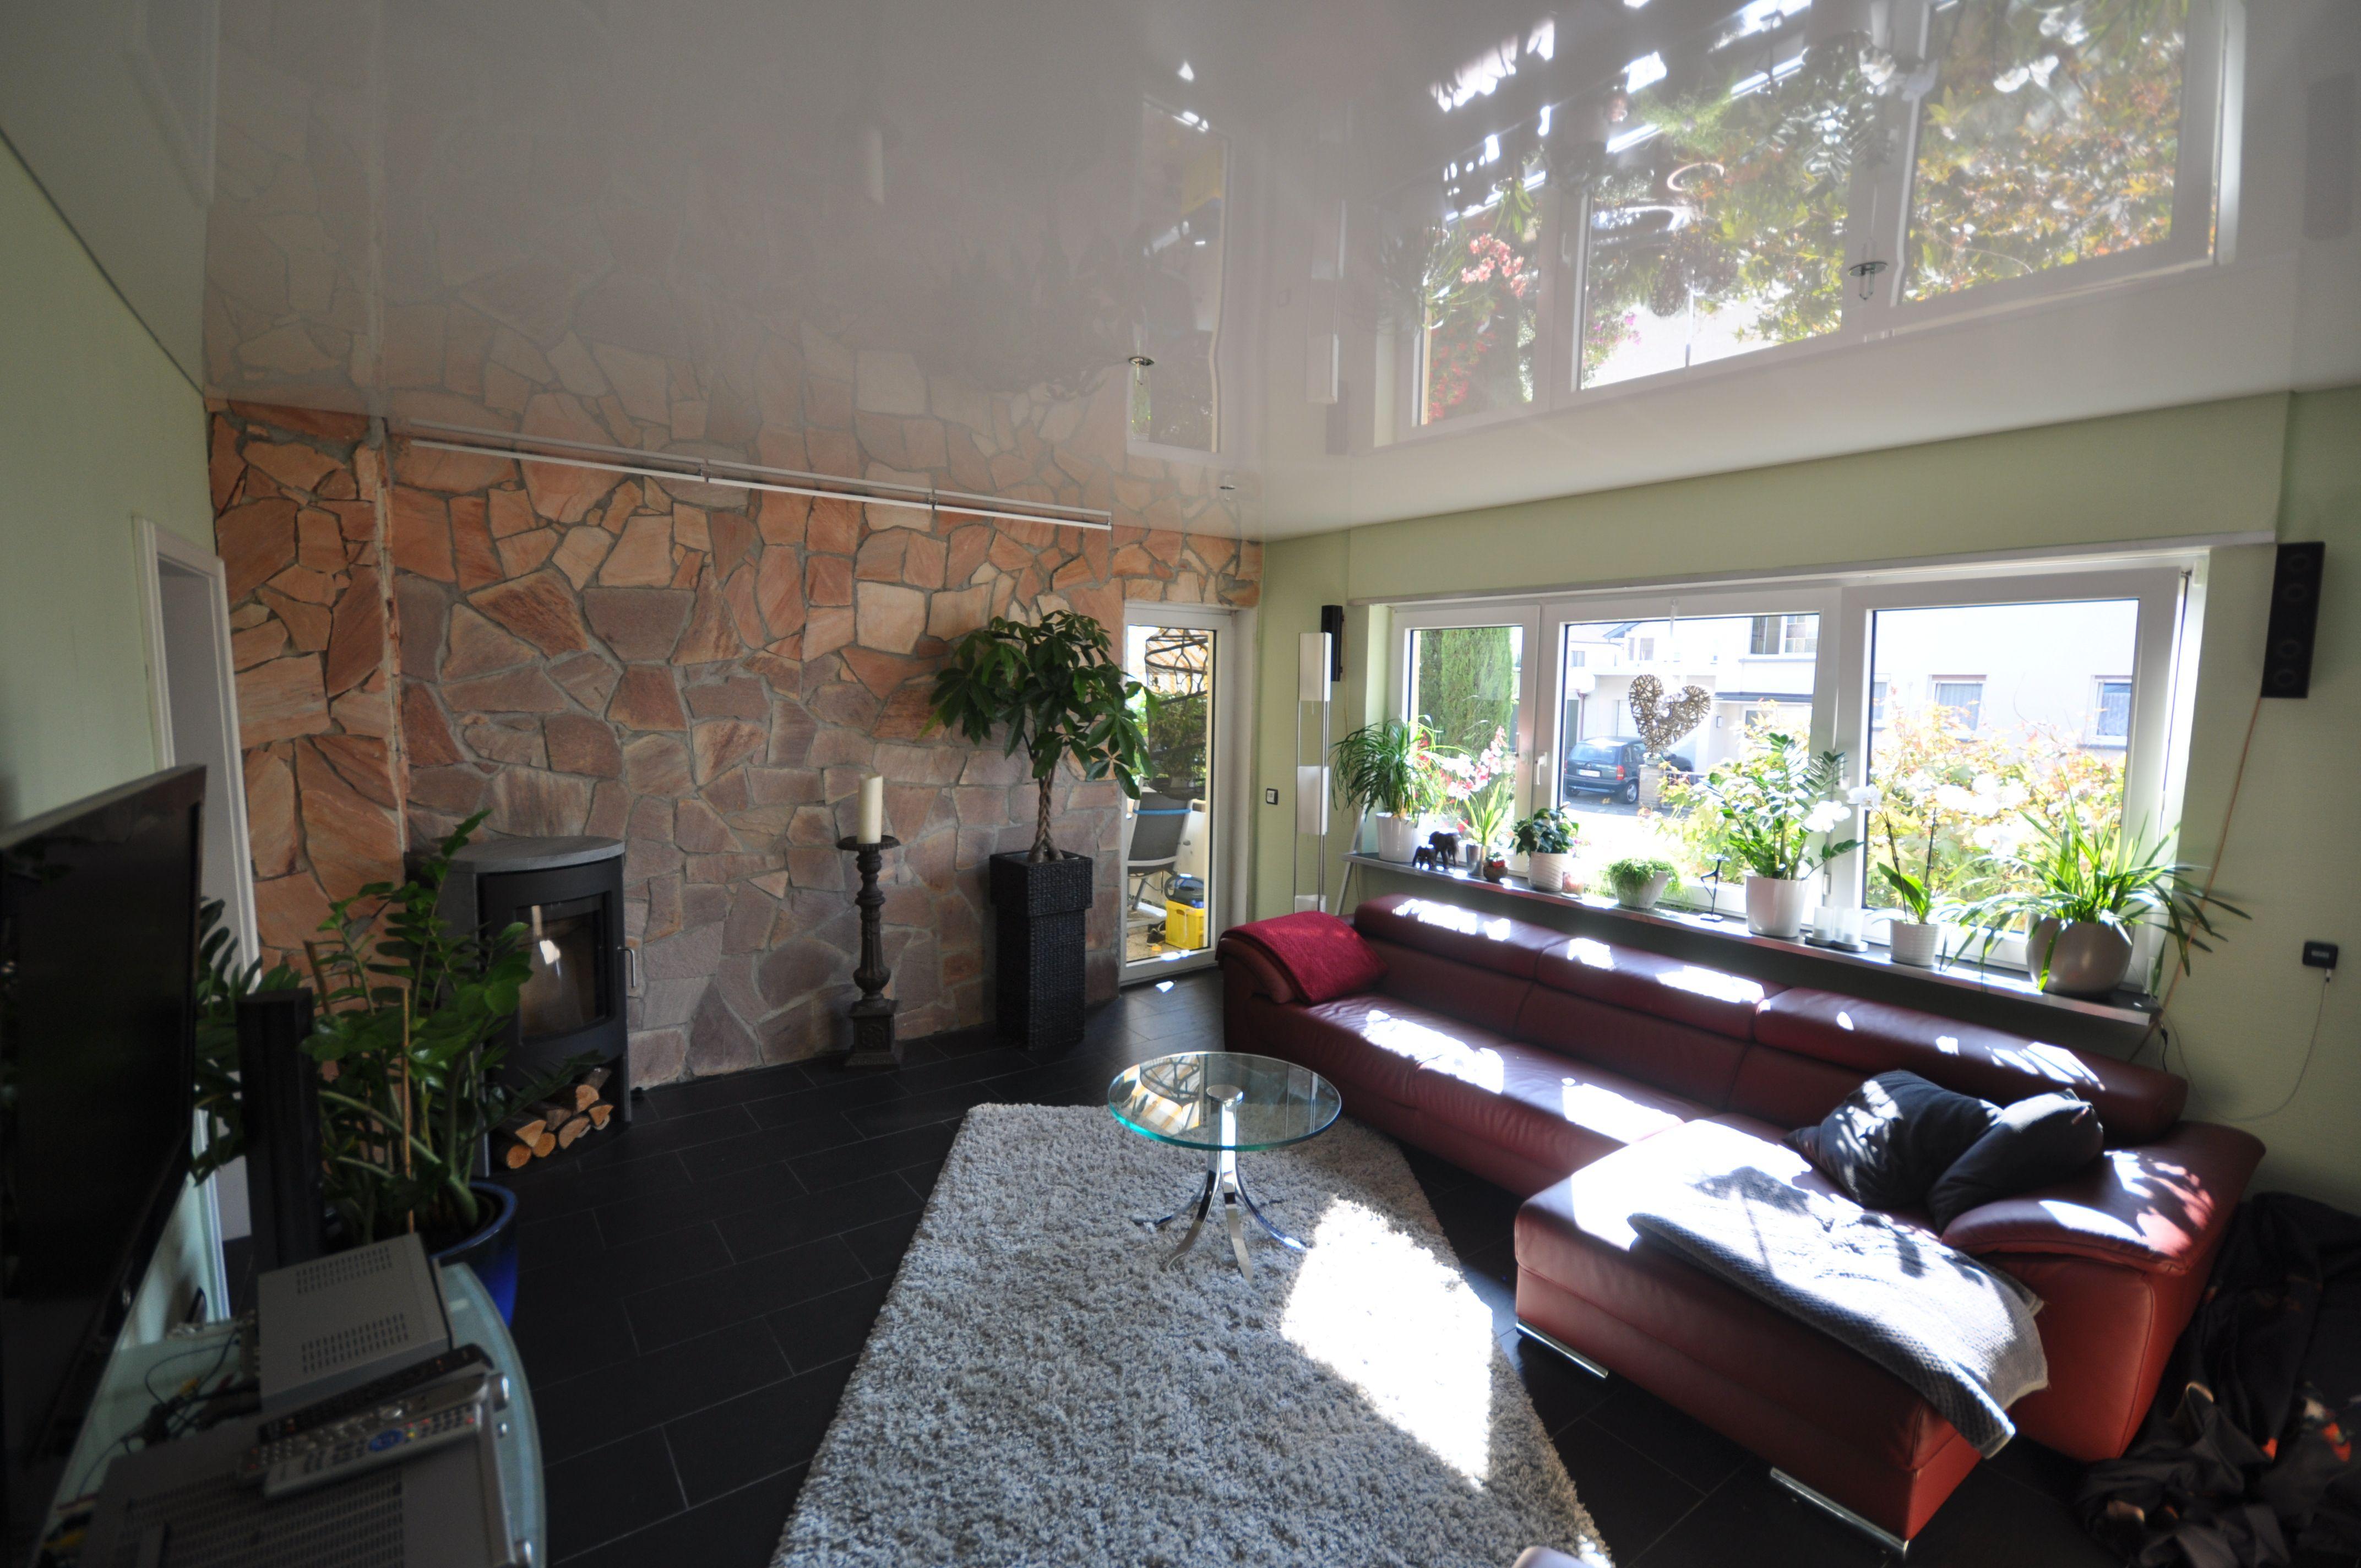 decke wohnzimmer full size of wohnzimmer modern einrichten bilder modern wohnzimmer wohnzimmer. Black Bedroom Furniture Sets. Home Design Ideas
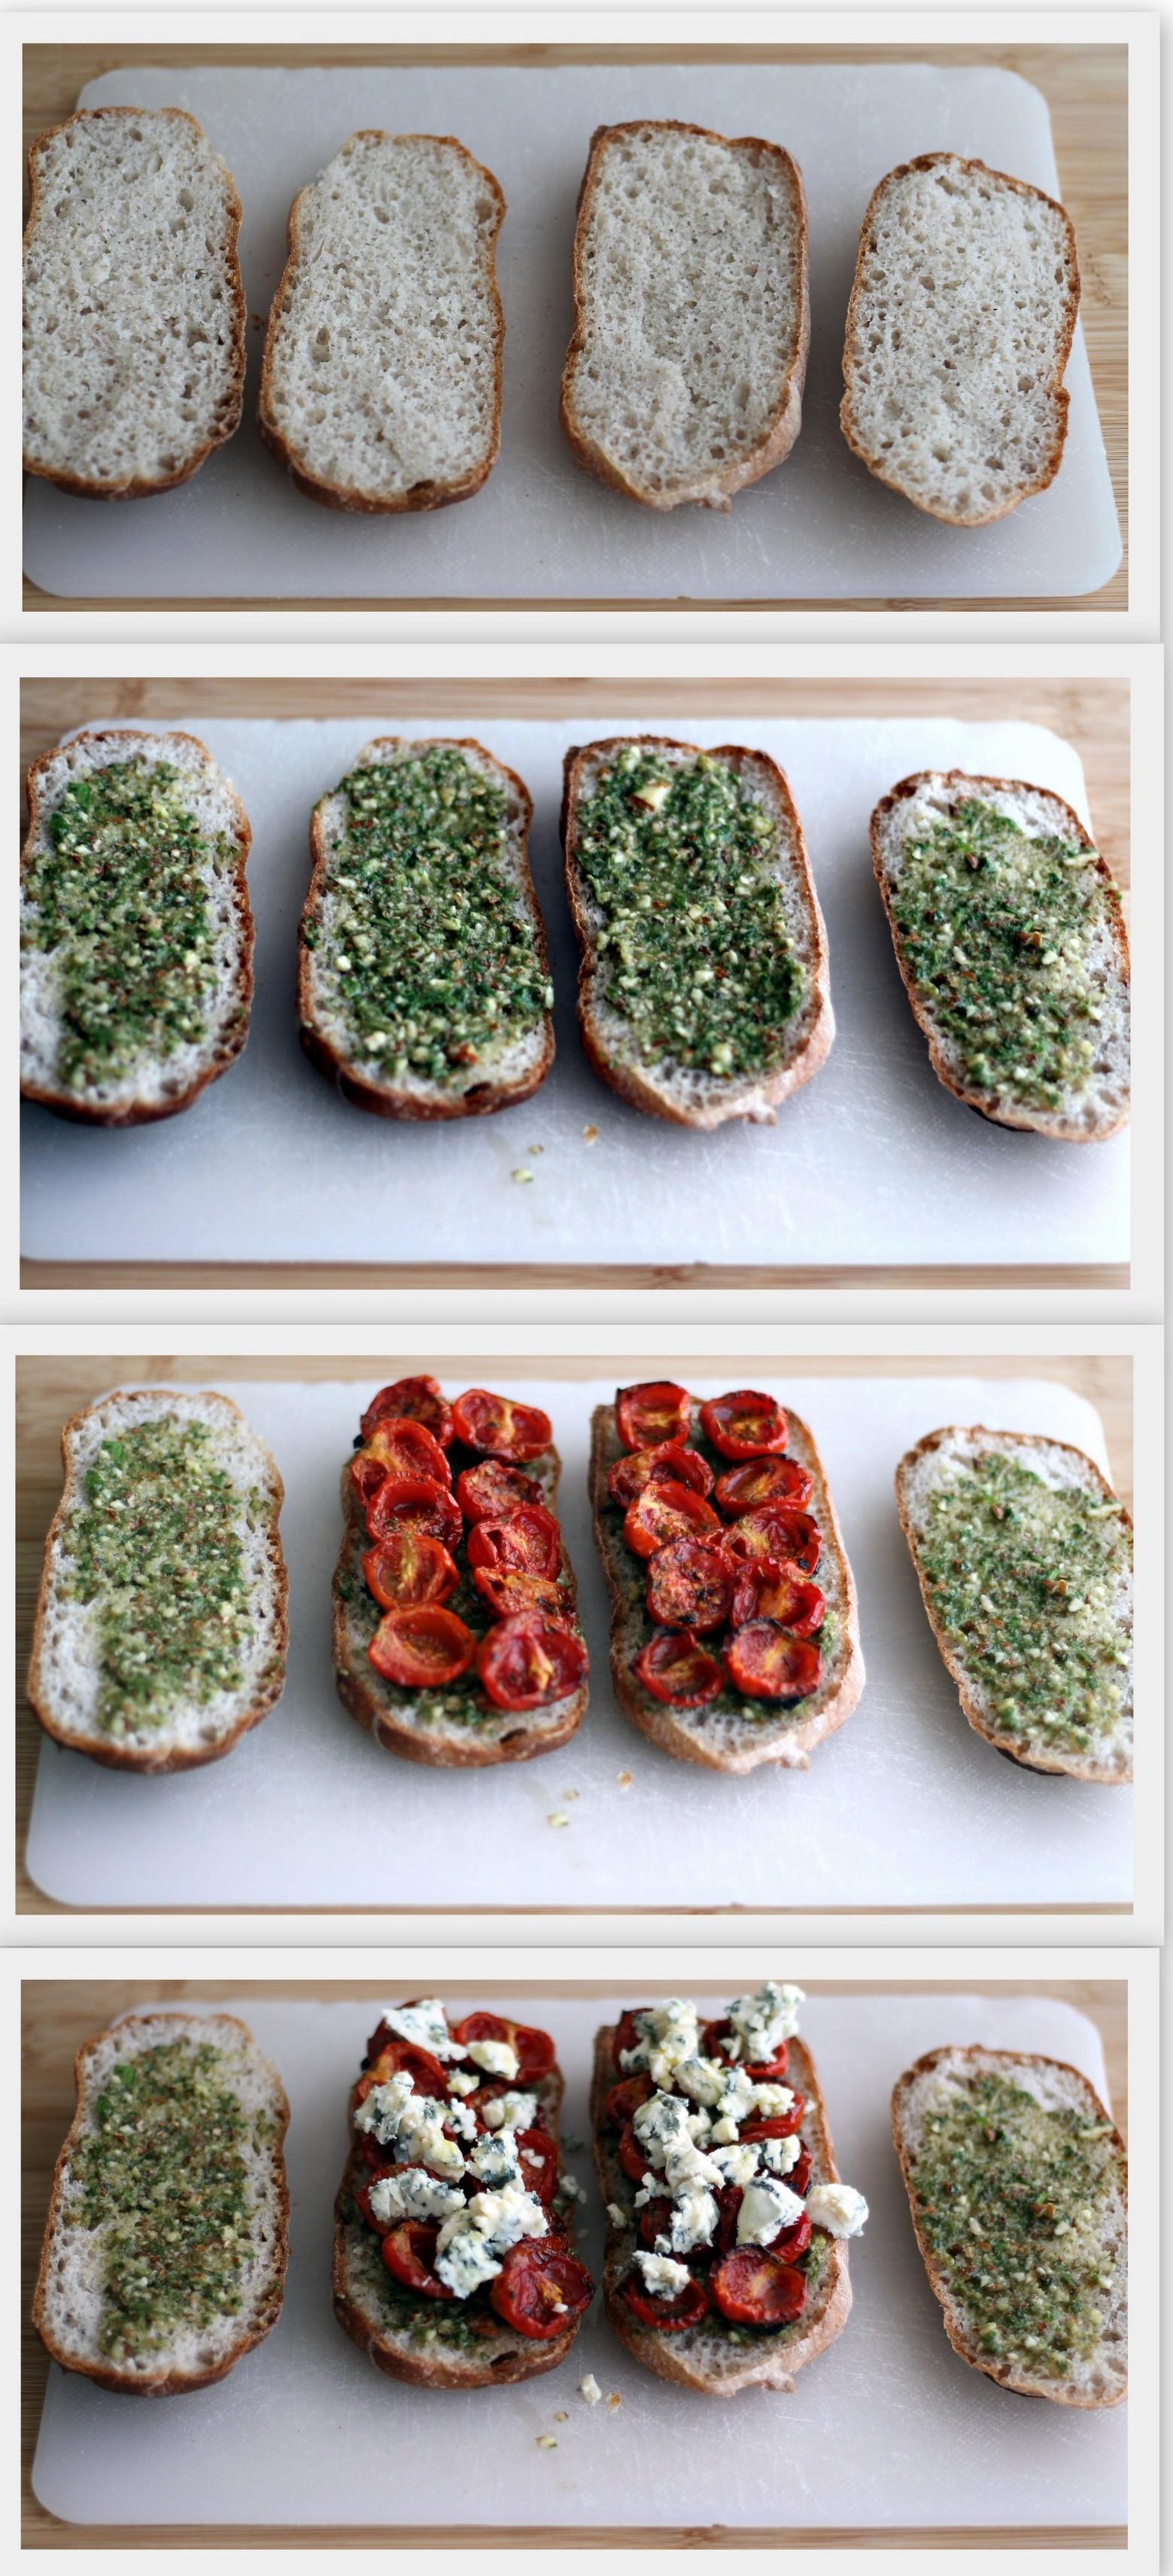 Panino senza glutine con pomodorini confit e gorgonzola - La Cassata Celiaca
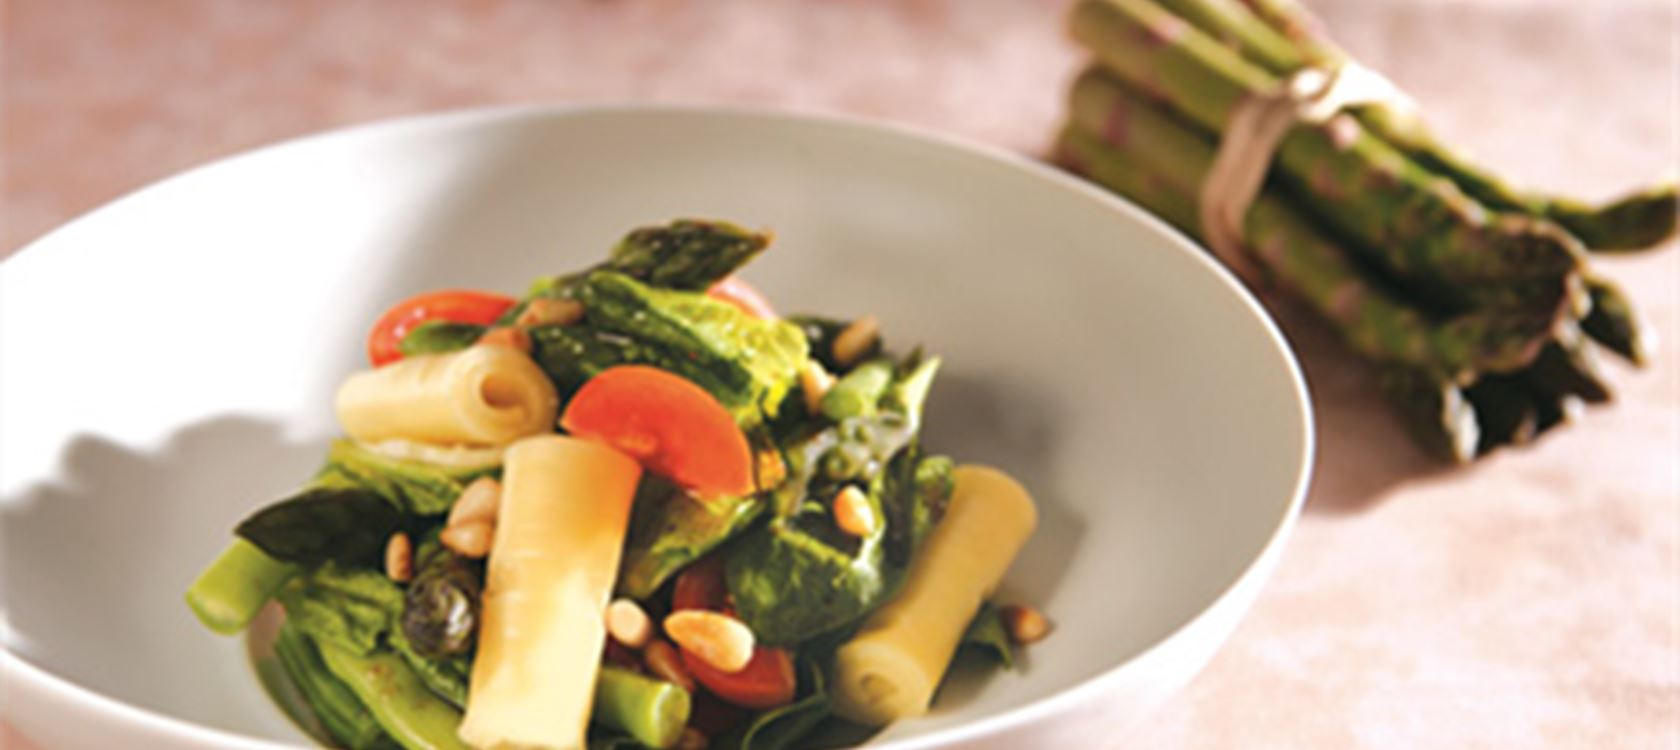 Σαλάτα με σπαράγγια, τοματίνια και φασολάκια

**DESCRIPTION OF THE TASK:**
An exact copy of the data above is required, printed without its pictures.

**SOLVED EXERCISE:**
 decke wohnzimmer full size of wohnzimmer modern einrichten bilder modern wohnzimmer wohnzimmer. Black Bedroom Furniture Sets. Home Design Ideas
 Panino senza glutine con pomodorini confit e gorgonzola - La Cassata Celiaca
 Σαλάτα με σπαράγγια, τοματίνια και φασολάκια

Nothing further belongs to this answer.